Anyone who has sold into IT or the sales and marketing industry knows that job titles are all over the place (or sometimes not included in the data at all). Title normalization techniques tend to be especially important for lead fit models because you need to know that “Marketing Director” might be equivalent to “demand gen lead,” or that “IBM” and “International Business Machines” are the same company. NLP essentially splits out each word that exists across all of your records and uses an algorithm to assess related patterns and find the words that show up most often in positive outcomes for a particular data set.

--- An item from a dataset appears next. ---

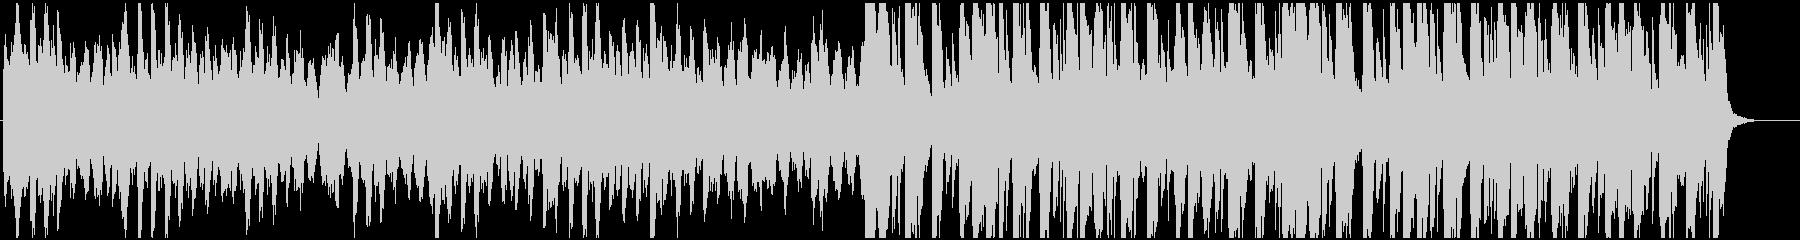 ハロウィン、ほんのり不気味ファンタジー曲の未再生の波形
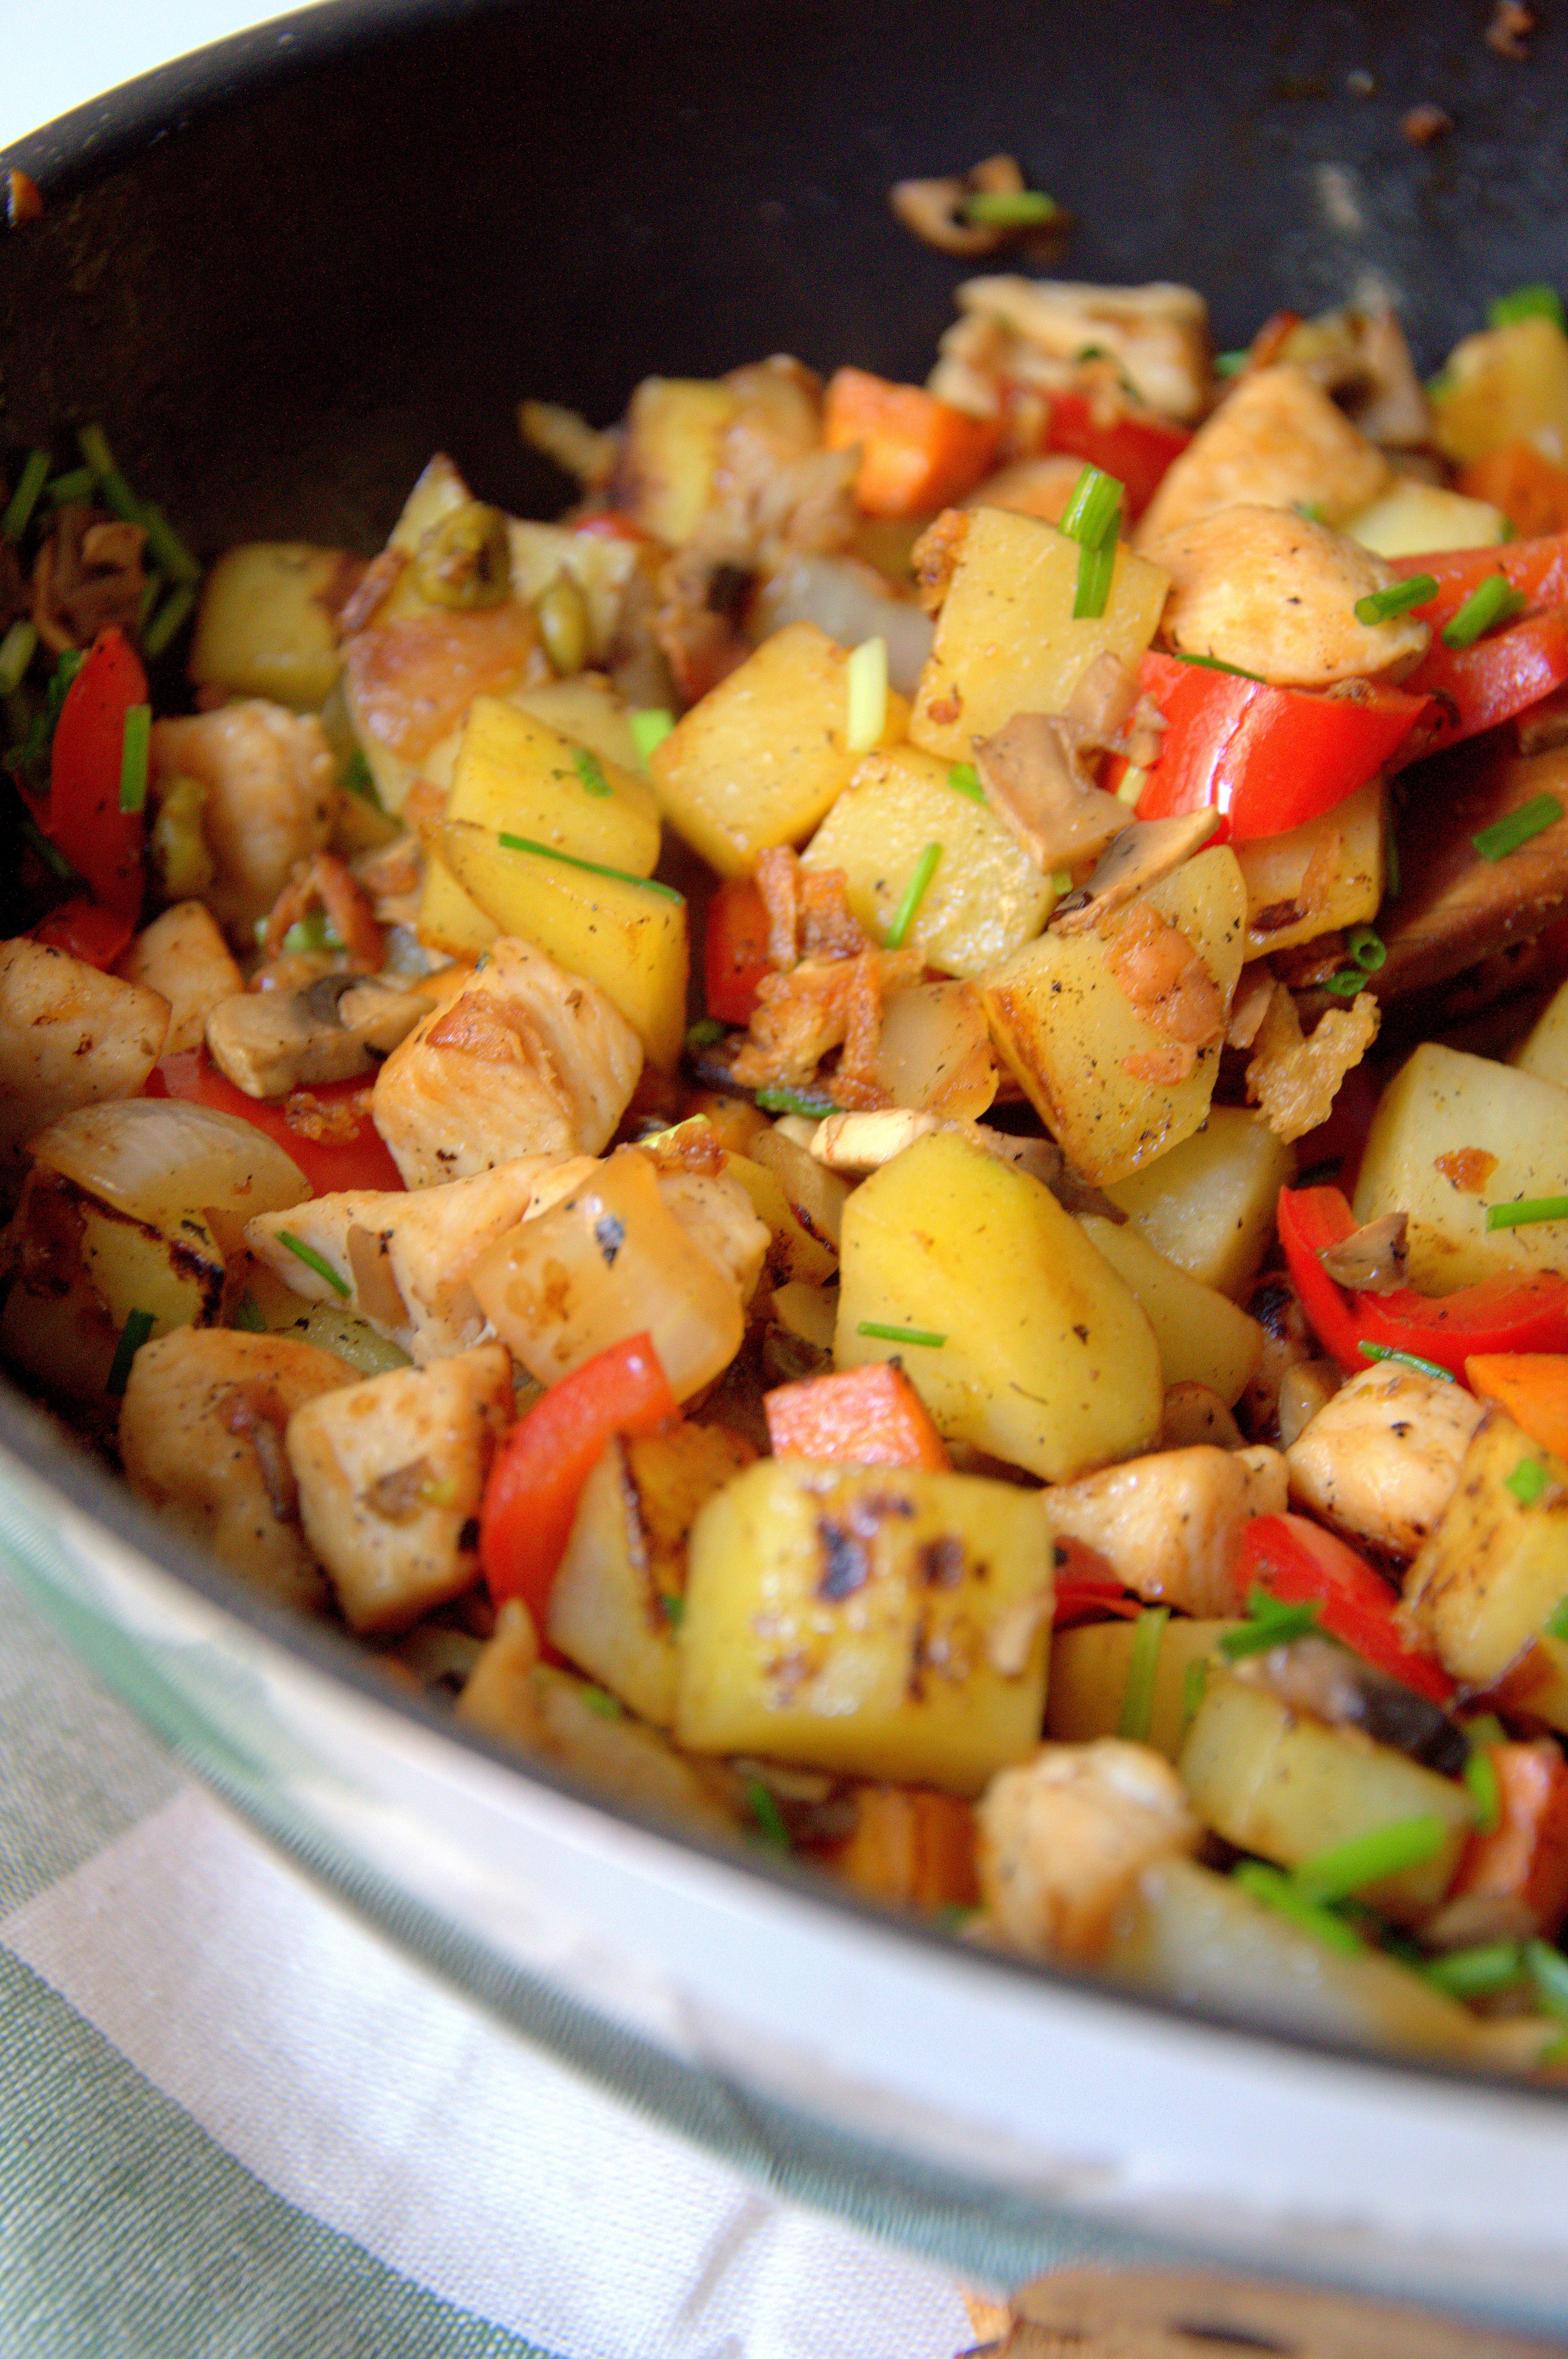 Salteado de patatas, pollo y verduras - Organizados

Another sophisticated feature to look for is spam analysis – something that’s often used in consumer search algorithms like Google. By analyzing the number of capitalized characters and key input for a name, company, title or email, you can assess the likelihood that each data point is a legitimate input. For example, the way a person’s fingers traveled across the keyboard (i.e. the number of row switches, etc.) often indicates whether their entry is legitimate. An email like firstname.lastname@example.org doesn’t travel very far and is probably not a real address. Machine-learning can perform these checks on every single record, regardless of whether or not it matches a known website domain.
As you can imagine, NLP alone can help you immediately improve your data hygiene. That’s why, instead of doing months of data cleansing first in hopes of being able to get better intelligence, later on, it’s smarter to get your predictive and AI initiatives started now, with the data you have. There’s no sense in spending time and money augmenting fields and cleaning up data that isn’t helpful for your models anyway. Rather, use machine-learning to figure out what your most important data points actually are, and then focus your data cleanup efforts there as needed.
It’s so important to understand common data science methodologies like these as you move forward, even if you never intend to work with the algorithms yourself. This knowledge will help you spot any flaws, unrealistic expectations, assumptions, and missing pieces in predictive and AI solutions so that you can thoughtfully evaluate them. In my next post, I’ll expand further on basic model types and more problems sales and marketing teams can solve with data.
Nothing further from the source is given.